Detection Of Acute Pulmonary Embolism By Point Of Care Ultrasonography In A Patient Presenting In Acute Dyspnea And Pea: A Case Report.

Chia-Ching Chen


Point of care ultrasonography (POCUS) is a low-cost, real-time, noninvasive modality which may rapidly narrow the differential diagnosis and improve chance of survival.

We discuss a case of massive pulmonary embolism with cardiac arrest diagnosed by POCUS.


Pulmonary embolism (PE) is one of obstructive shock which can result in shock and cardiac arrest.

Effectively early diagnosing pulmonary embolism can be difficult due to limited information, broad differentials, and the severity of illness demanding rapid intervention.

Point of care ultrasonography (POCUS) is a low-cost, real-time, noninvasive modality, which may rapidly narrow the differential diagnosis and improve chance of survival.

We discuss a case of massive pulmonary embolism with cardiac arrest diagnosed by POCUS.


A 86-yer-old woman was brought in by ambulance with the chief complaint of dyspnea and hematemesis.

She was reported by the paramedics to be hypotensive, tachypnea and tachycardic prior to arrival.

Her past medical history was hypertension, heart failure and atrial septal defect.

On presentation to the emergency department, the patient appeared critically ill with generalized pallor with a heart rate of 103 beats per minute (bpm), blood pressure of 121/72 mm Hg, and oxygen saturation of 79% on 15 L O2 via a nonrebreather mask.

Her exam was significant for pale conjunctiva, grunting, otherwise clear bilateral breath sounds, rapid but regular heart tones, weak femoral pulses, and symmetric, and non-edematous lower extremities. Shortly after arrival the patient lost cardiac motion, and cardiopulmonary resuscitation (CPR) was initiated with return of spontaneous circulation within 10 minutes.

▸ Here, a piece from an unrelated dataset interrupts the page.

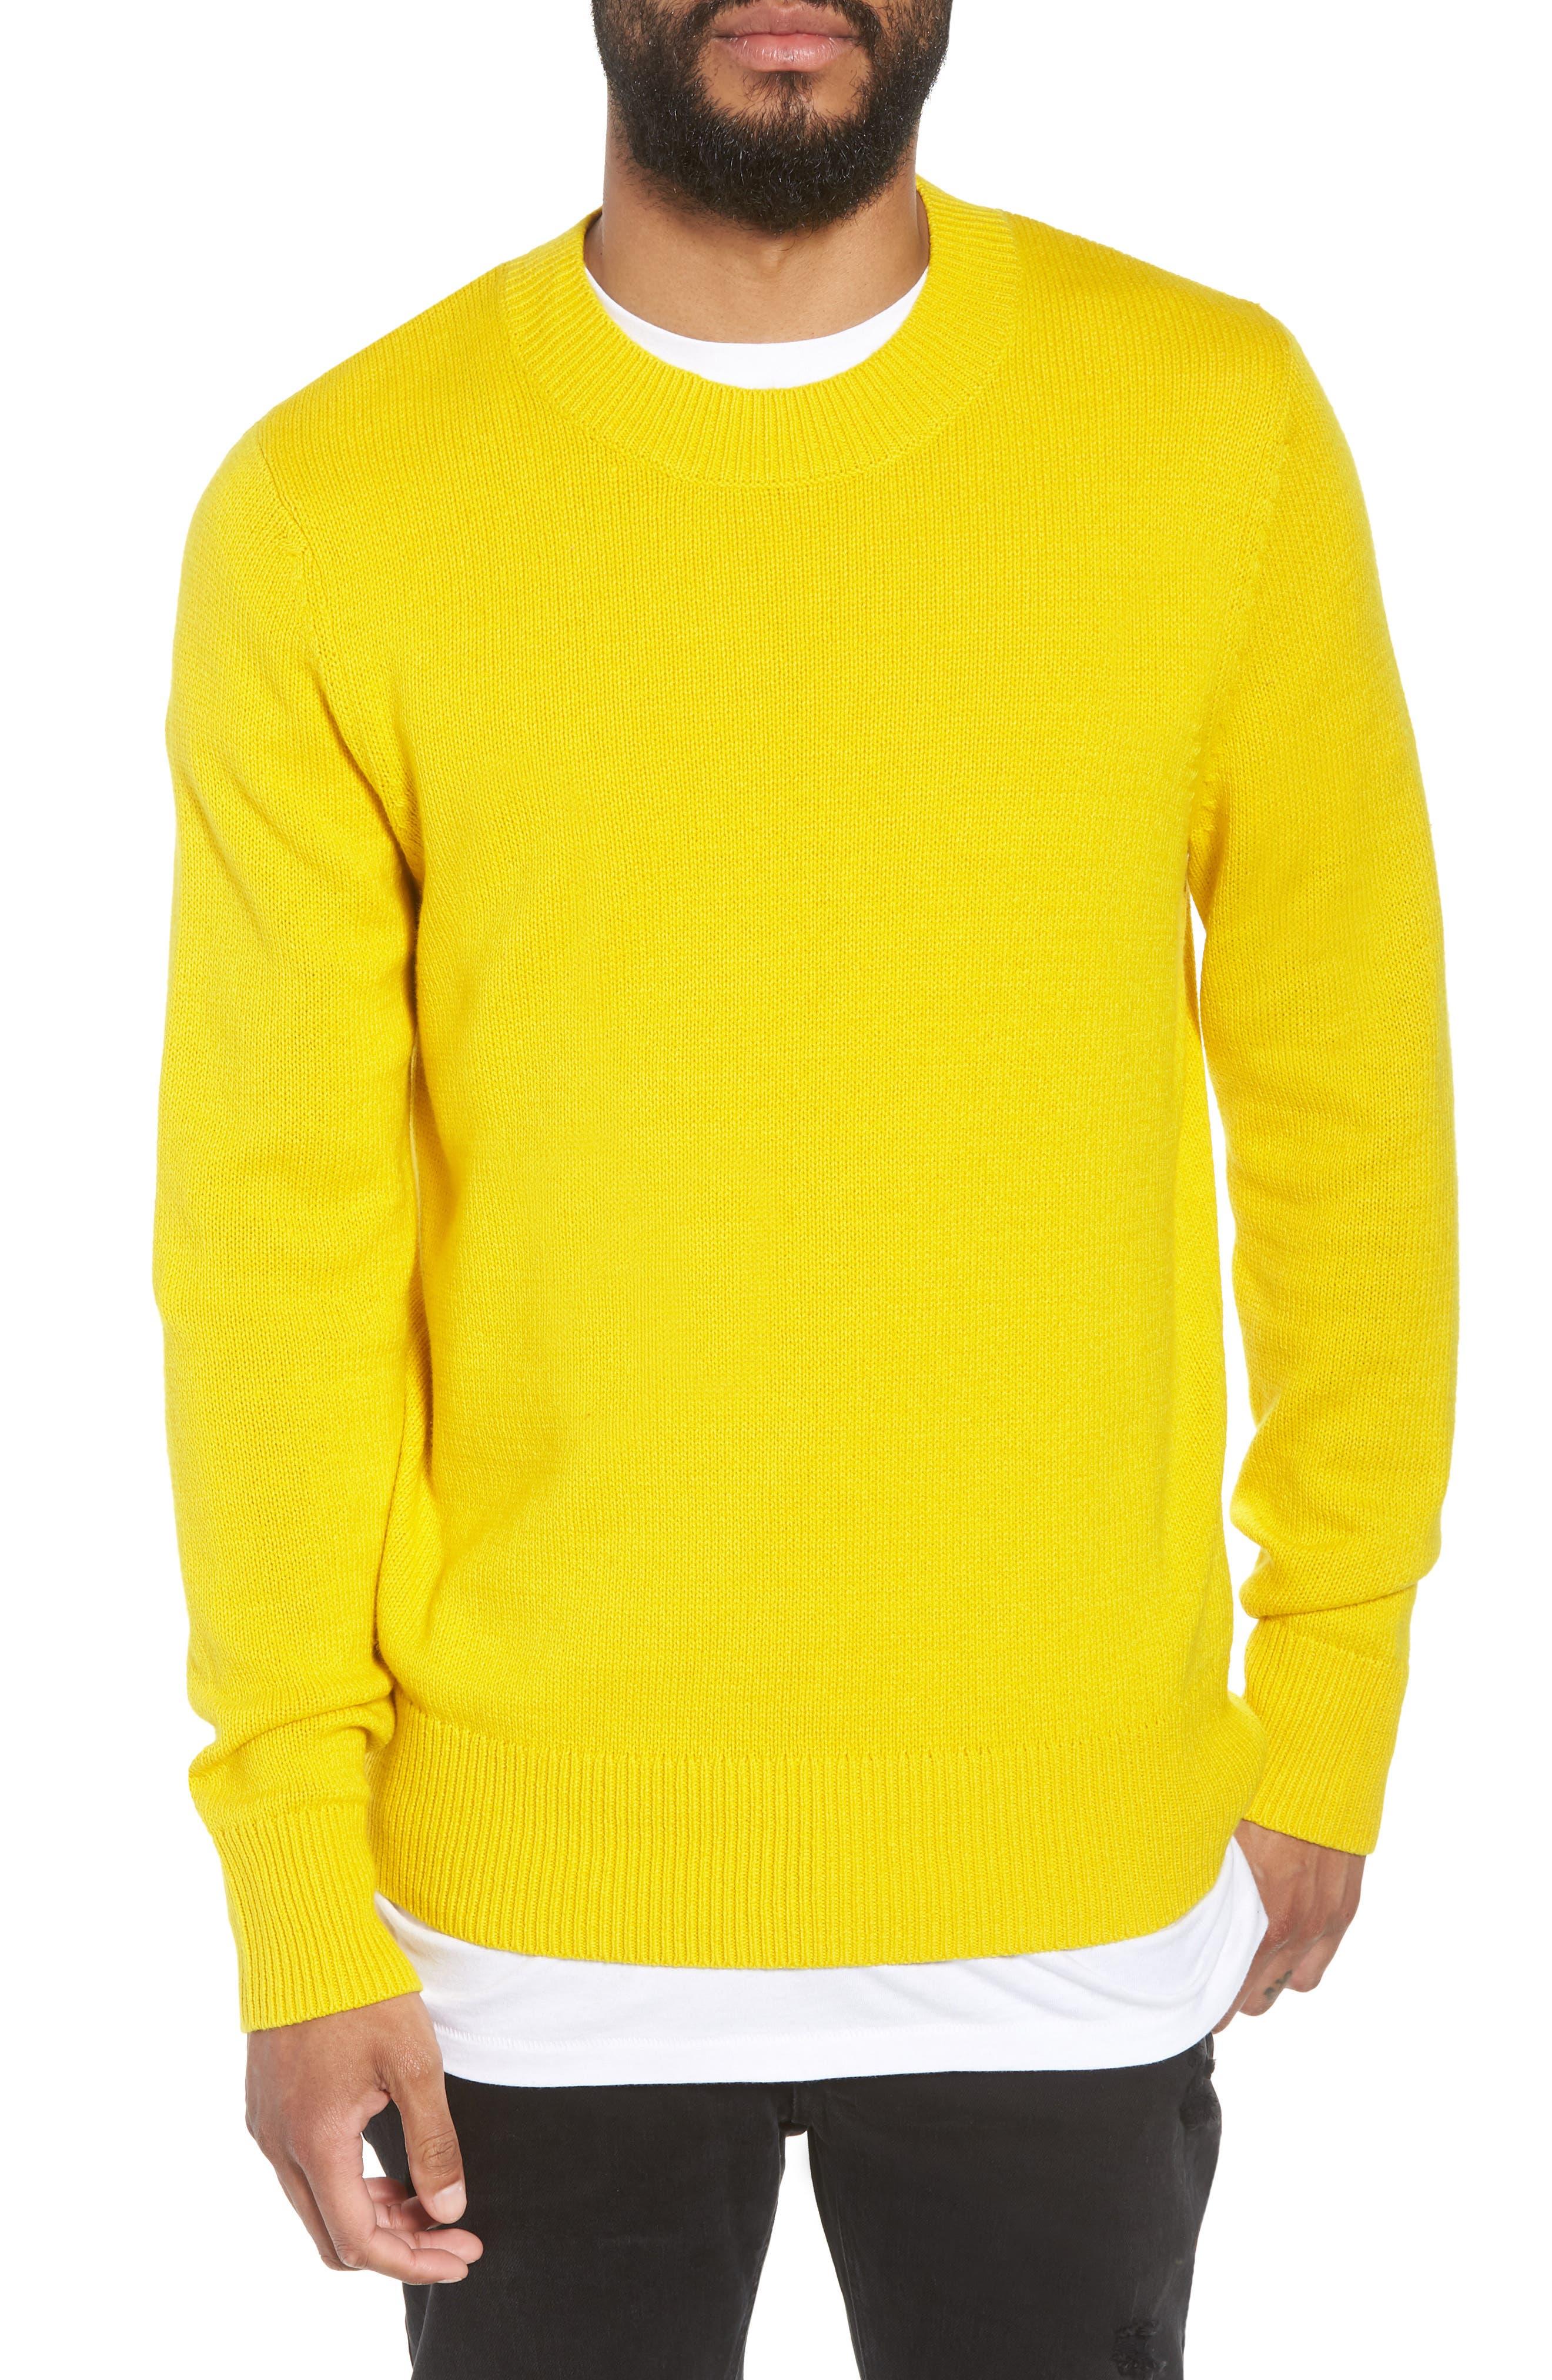 Crewneck Sweater,                         Main,                         color, YELLOW SULPHUR

She was emergently intubated, and his postintubation oxygen saturation was noted to be 84%, despite 100% FiO2 and confirmation of adequate tube placement. POCUS was performed with visualization of an enlarged right ventricle (figure 1a), RV systolic pressure (RVSP) 34mmHg (figure 1b) and a pulmonary acceleration time (PAT) 60msec (figure 1c), tricuspid annular plane systolic excursion (TAPSE) 11mm (figure d) and direct visualize left main trunk of pulmonary artery thrombus (figure 2a), highly suspicious for a massive pulmonary embolus.

The patient’s blood pressure was maintained on a continuous infusion of dopamine. The CT angiogram (CTA) confirmed the diagnosis of bilateral massive pulmonary emboli (figure 2b).


Our case demonstrates successful application of POCUS in the diagnosis of massive PE in a patient with dyspnea and PEA.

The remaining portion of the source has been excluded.